Economic difficulties also often accompany sexual violence in conflict zones. Goetz said that sexual violence affects food-crop production and sales in areas where women participate most in those areas. This can be a major hindrance to post-conflict reconstruction efforts. Still, this topic has yet to be studied in detail.

‘Very little is known about how sexual violence affects rebuilding and recovery’ in conflict zones, said Goetz.

A March 2009 U.N. report on the implementation of Resolution 1820 made several key recommendations for action on the problem of sexual violence in conflict zones.

One major recommendation was to emphasise prevention, rather than coping. Having a better idea of the motives behind such violence is a good way to address prevention.

Cohen posited that militant groups that engage in forced recruitment might undertake drastic measures, such as sexual violence, to create cohesion. These groups, then, might be targeted by U.N. peacekeepers as possible perpetrators of sexual violence.

Still, there is much work to be done. Only six peace deals have even mentioned sexual violence, Goetz pointed out, and ‘there’s often a spike in sexual violence immediately post-conflict.’
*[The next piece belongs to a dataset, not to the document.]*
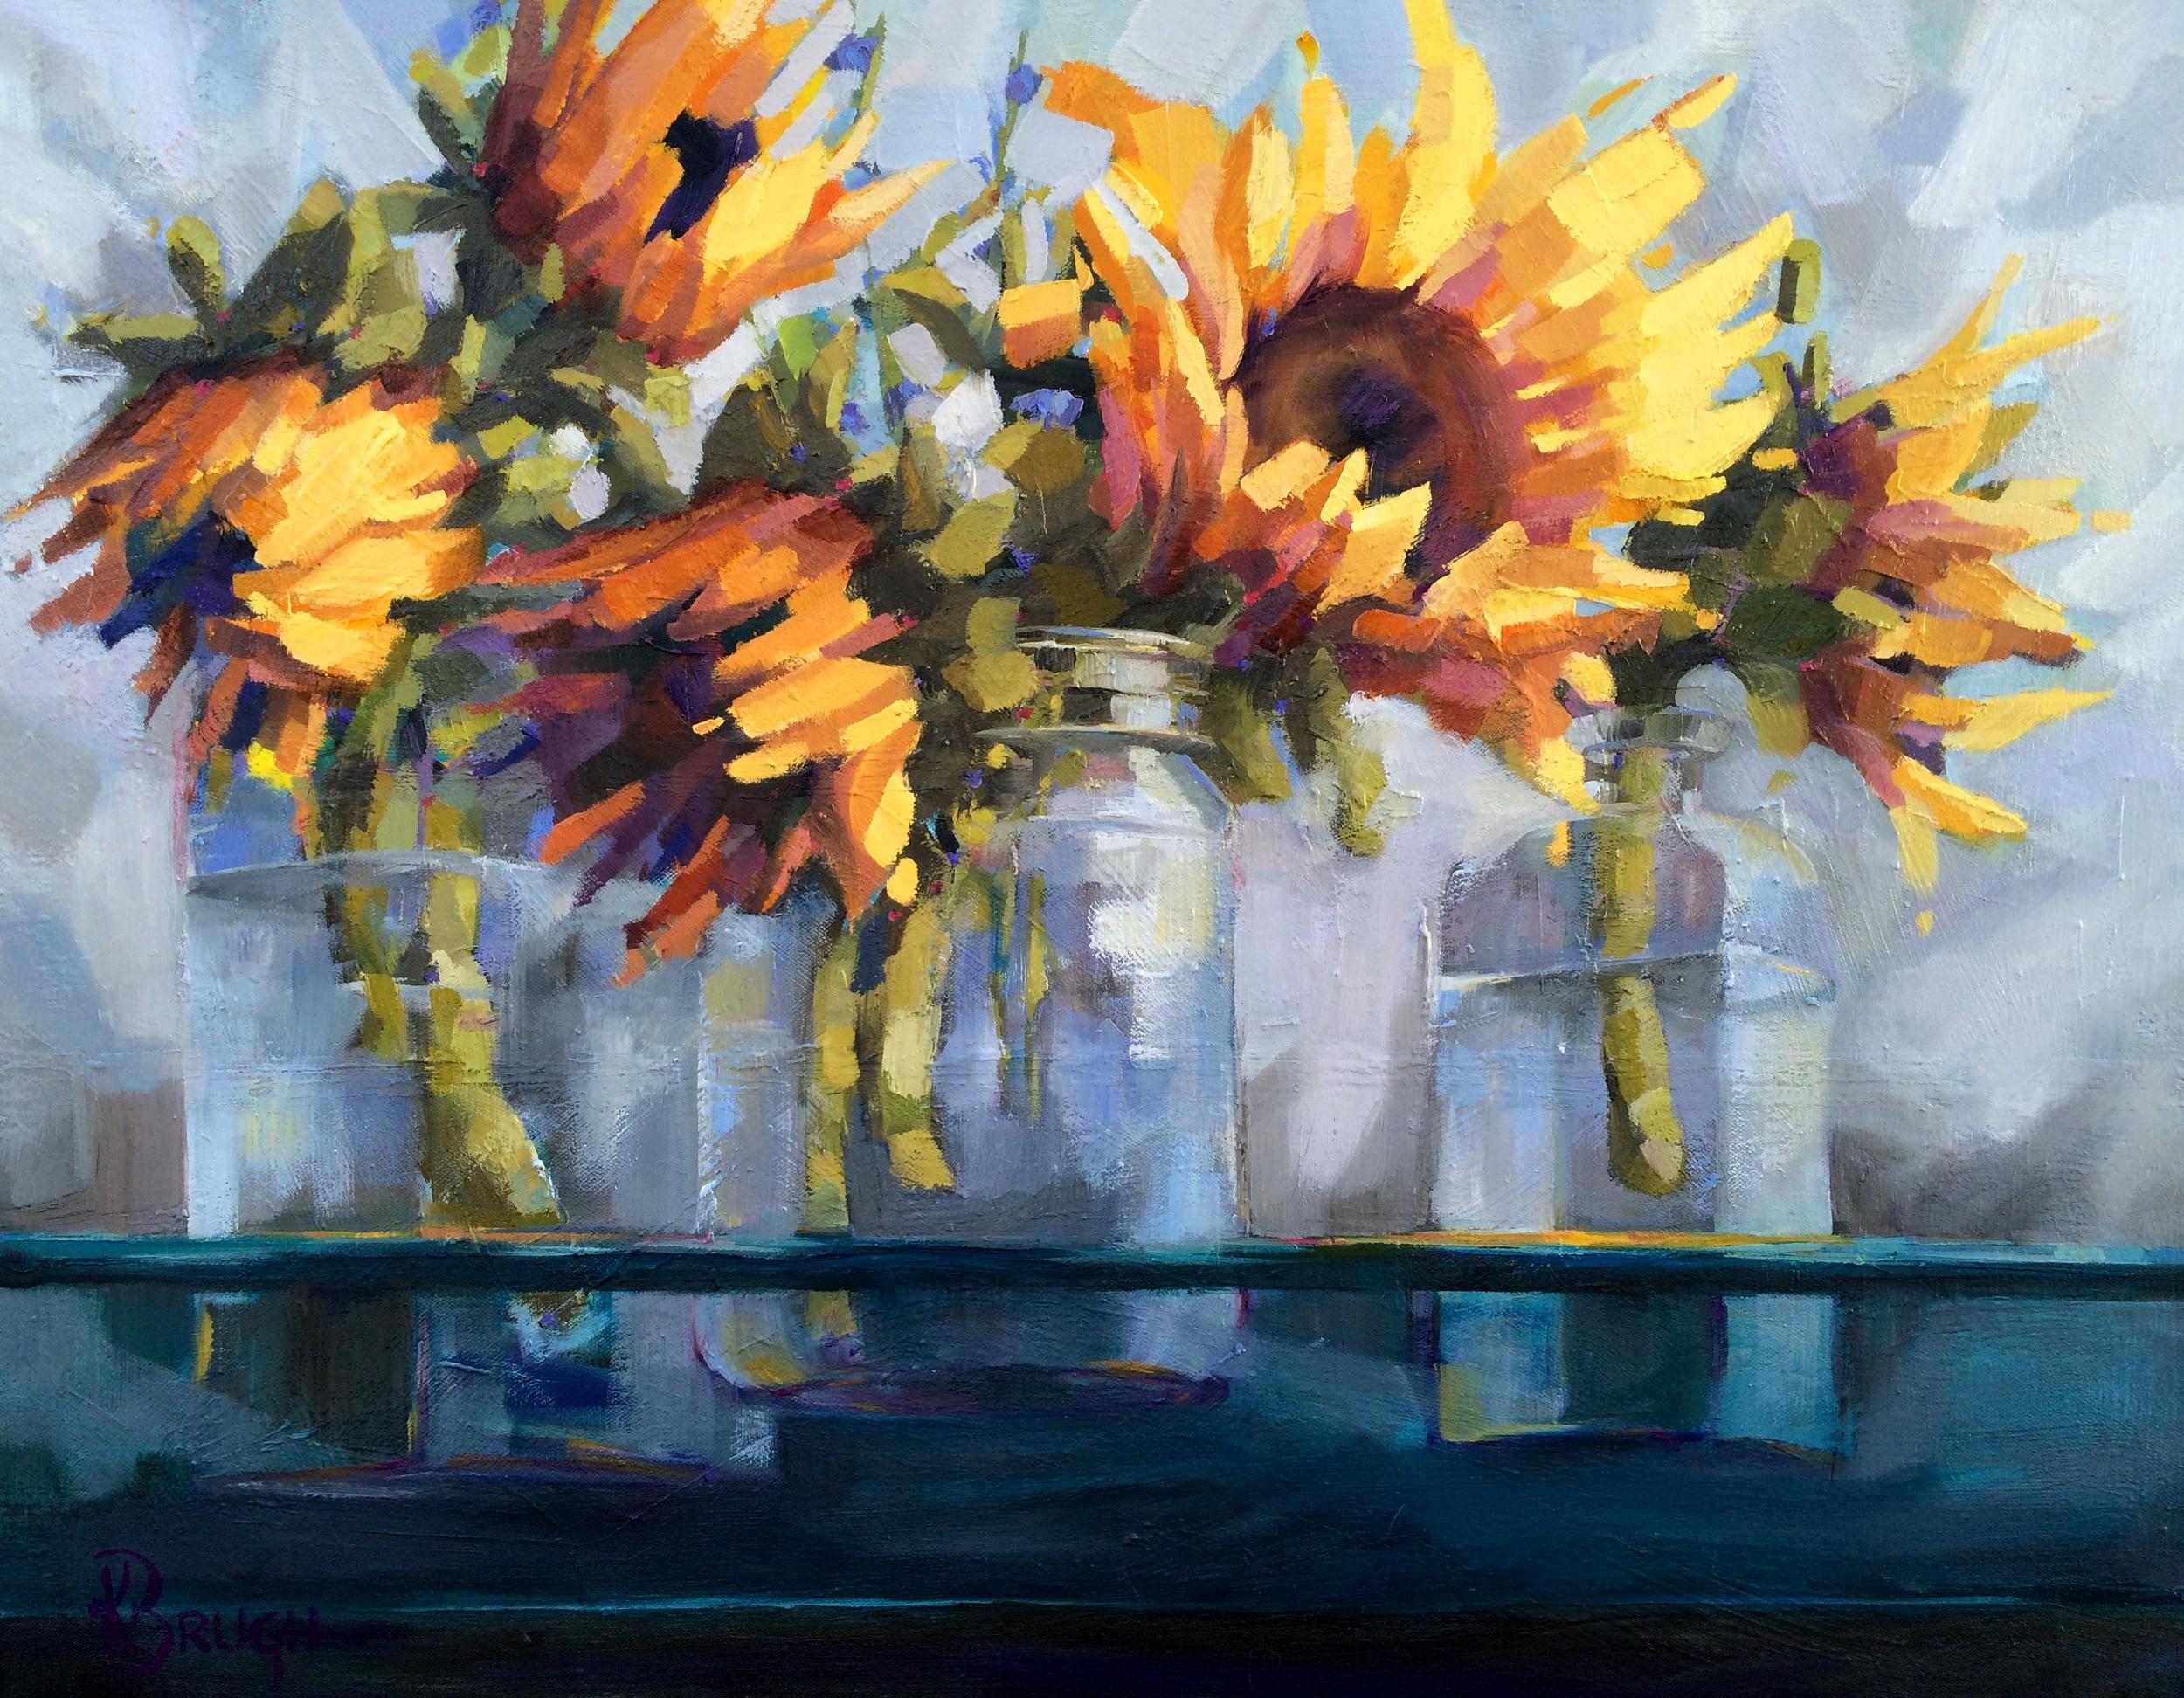 Kelley Brugh_Dazzling Display_24x30, Oil on canvas.JPG

There is hope that Resolution 1820 will ultimately help to change these trends. Linking sexual violence to international peace and security may help to show that it needs to be addressed in any conflict situation.

Goetz emphasised this point, saying that a war is not really over until sexual violence stops: ‘A ceasefire that stops the guns but doesn’t stop the rape means that sexual violence can continue occurring.’